WORK ITEM
Every line below must be reproduced exactly; no pictures are to be included.

RECORDED DATA
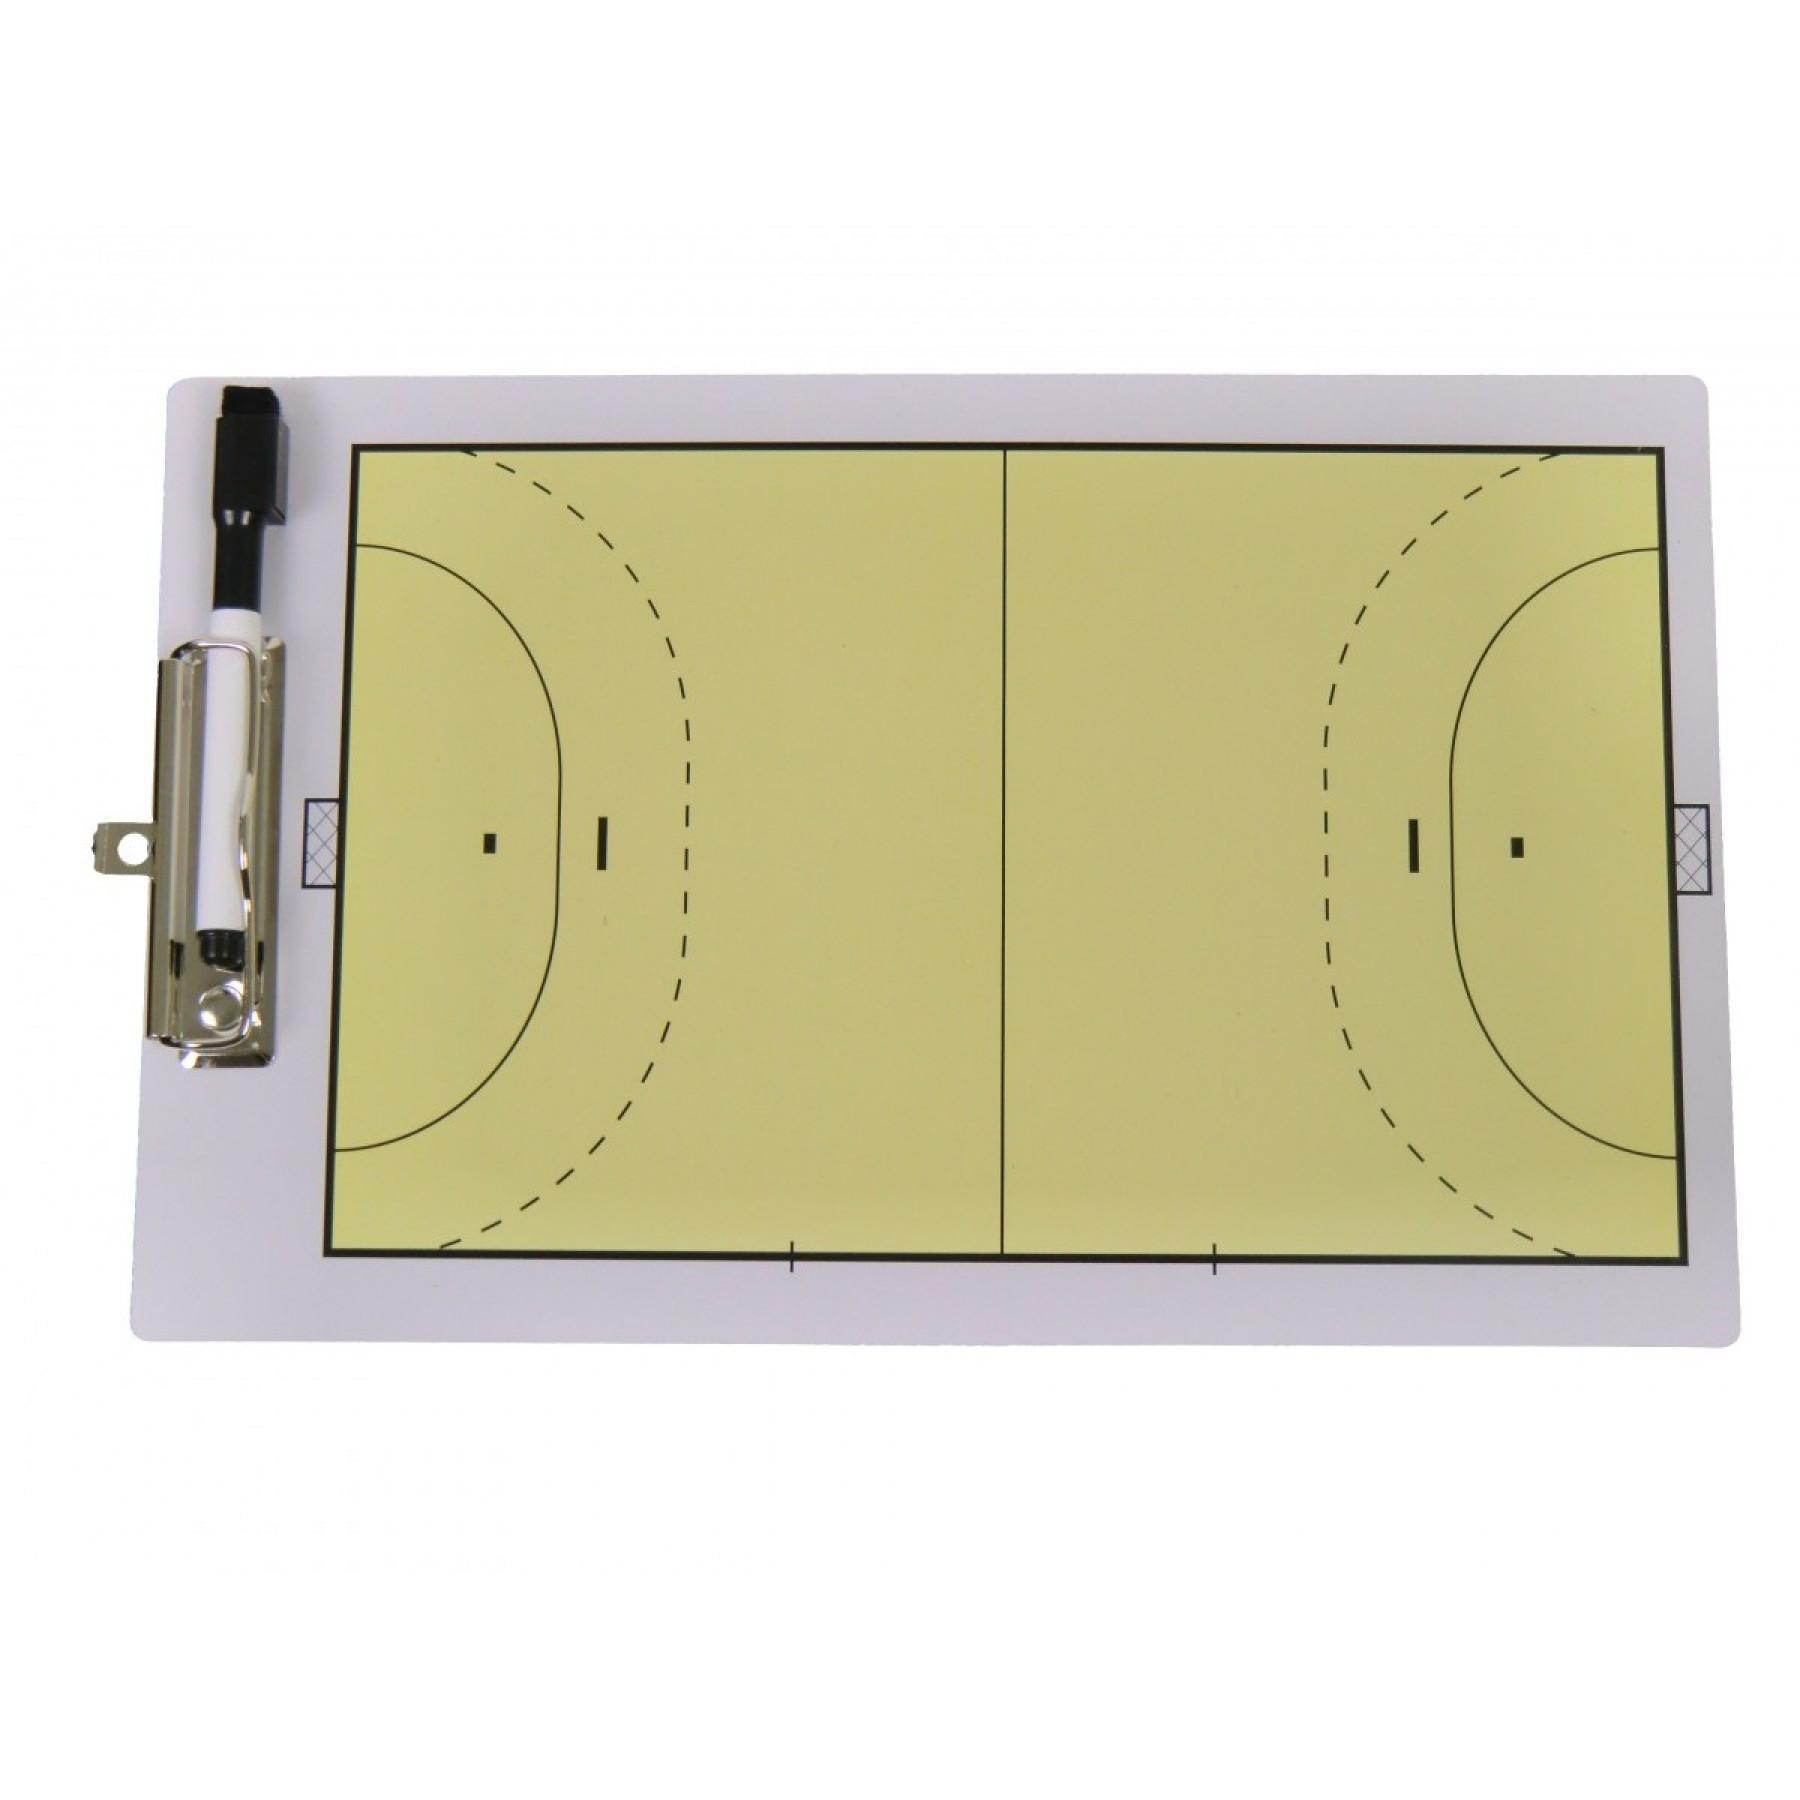 Handball two-sided tactical notebook
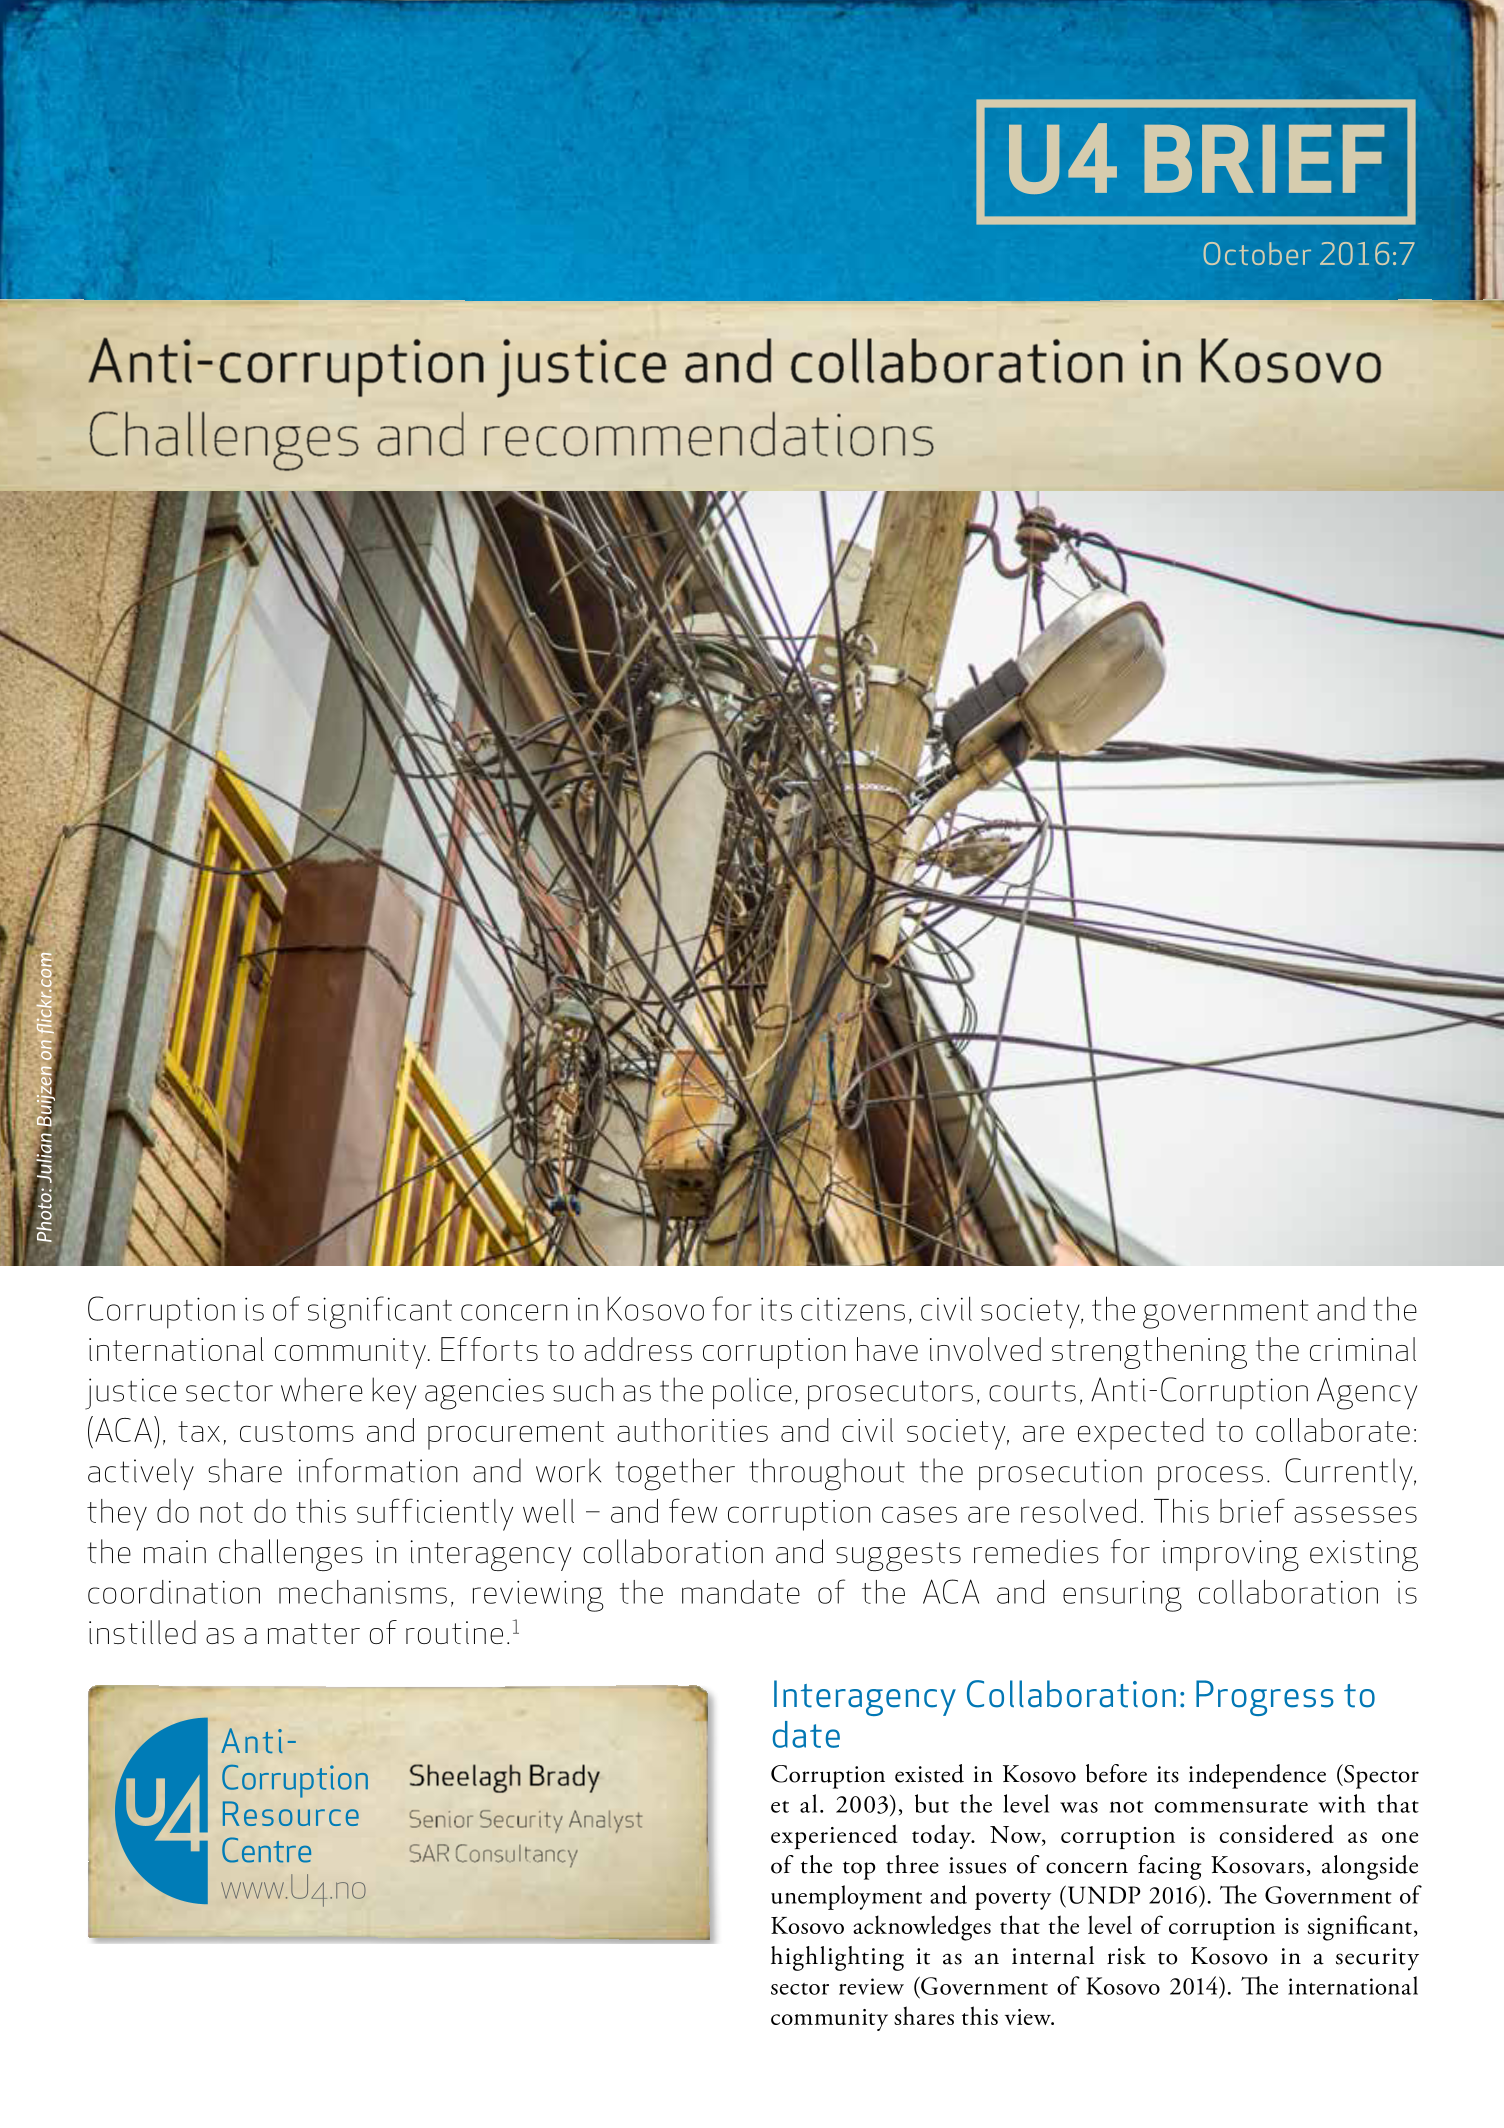 Anti-corruption justice and collaboration in Kosovo: Challenges and recommendations
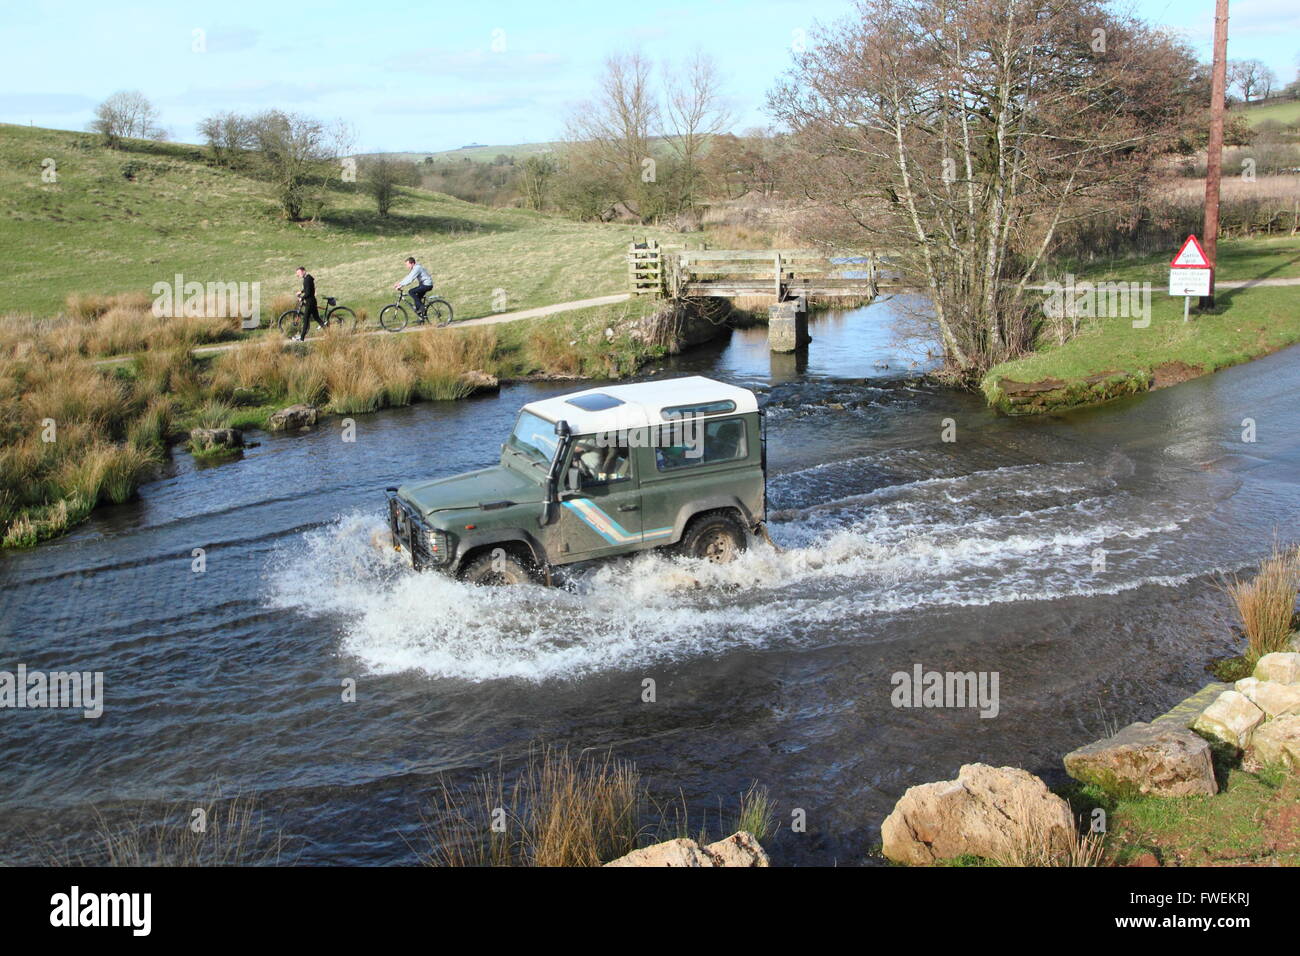 A 4x4 vehicle crosses the ford at Tissington in the Derbyshire Dales, England UK Stock Photo
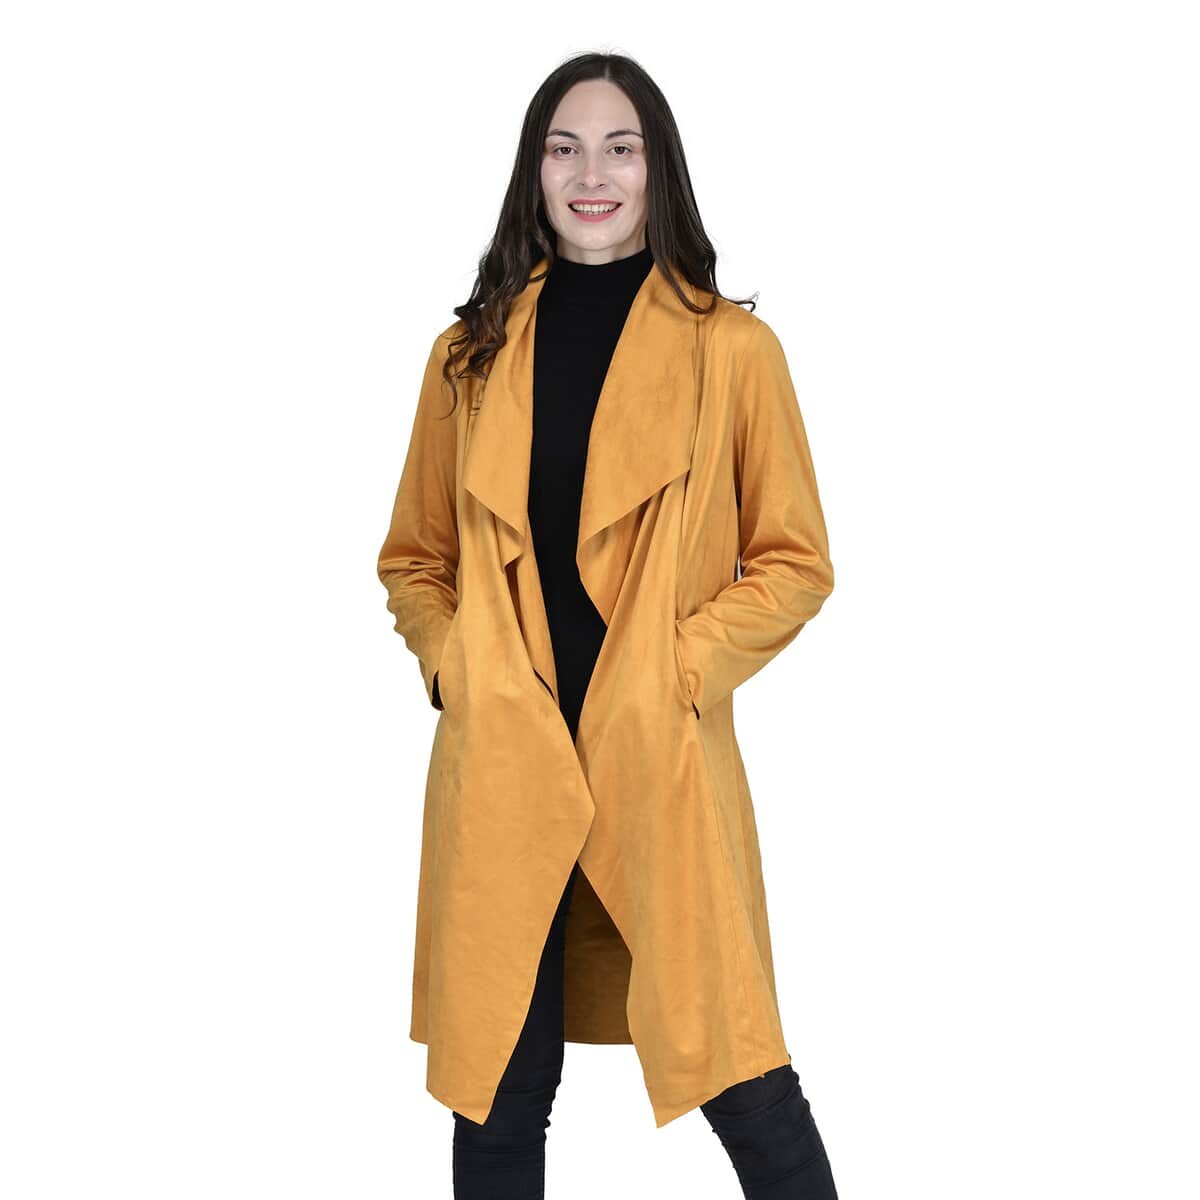 Passage Gold Faux Suede Long Waterfall Open Front Jacket For Ladies -L, Jacket for Women, Long Coat Jacket for Women, Womens Coats image number 0

TASK RESULT
 Handball two-sided tactical notebook
 Anti-corruption justice and collaboration in Kosovo: Challenges and recommendations
 A 4x4 vehicle crosses the ford at Tissington in the Derbyshire Dales, England UK Stock Photo
 Passage Gold Faux Suede Long Waterfall Open Front Jacket For Ladies -L, Jacket for Women, Long Coat Jacket for Women, Womens Coats image number 0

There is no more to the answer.